Physicist Jon Major of the University of Liverpool in England and his team set out to find a replacement. They tested numerous alternative salts, including sodium chloride (table salt) and potassium chloride, and found that magnesium chloride yielded comparable efficiency. “We got cells as good as, if not better than, anything we ever got with cadmium chloride,” Major says.

Magnesium chloride is also nontoxic, abundant and costs about 300 times less than cadmium chloride. It can even be applied with a cheap spray coater purchased on the Web. The team published its research online in June in Nature. (Scientific Americanis part of Nature Publishing Group.)

The new material applies to those solar cells that are made of cadmium telluride, the second most abundant type of solar cell in the worldwide market. Some experts are skeptical that the swap will yield big cost savings because the largest expense varies between manufacturers.

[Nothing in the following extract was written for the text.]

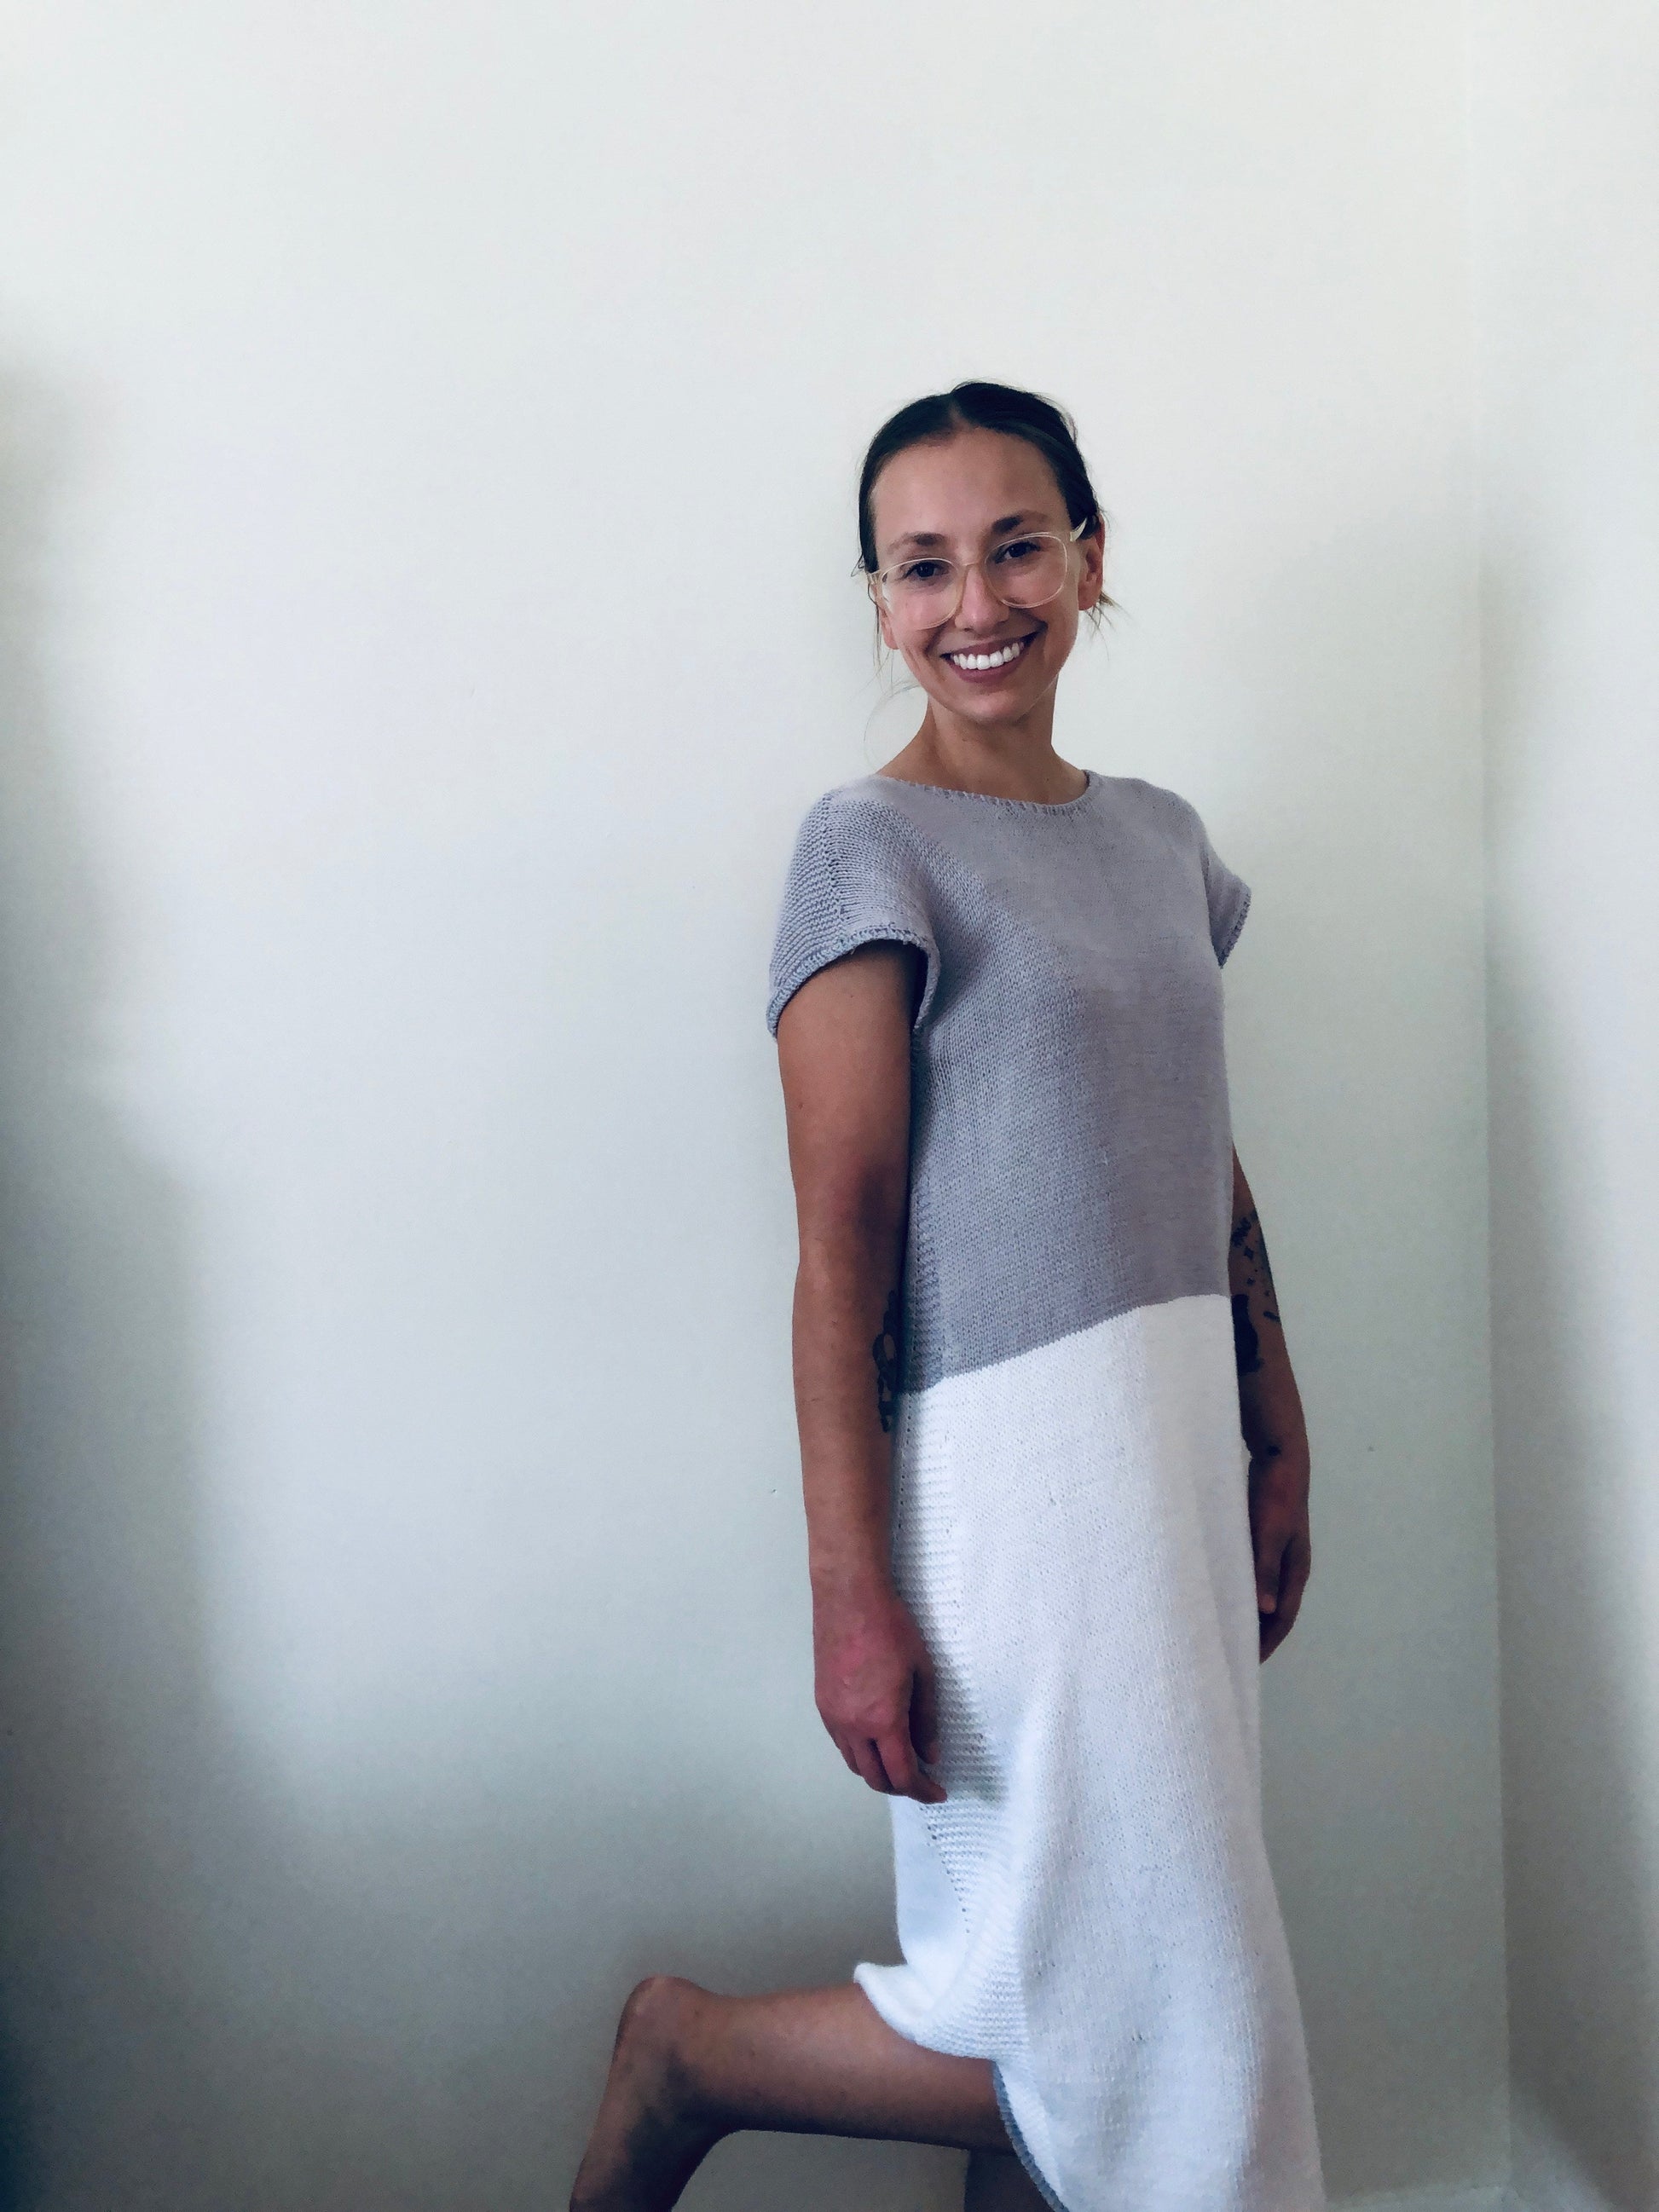 Seen from a three quarter angle, a woman smiles at the camera. She wears a grey and white hand knit dress.

Alessio Bosio, a physicist at the University of Parma in Italy, estimates savings will be “minimal,” at about 15 percent. Still, physicist Julian Perrenoud of Switzerland’s Empa, a materials science institute, who was not involved in the study, is optimistic. Using magnesium chloride, he says, “will reduce not only the health risks but also the production costs because the raw material is cheaper and much easier to dispose of.”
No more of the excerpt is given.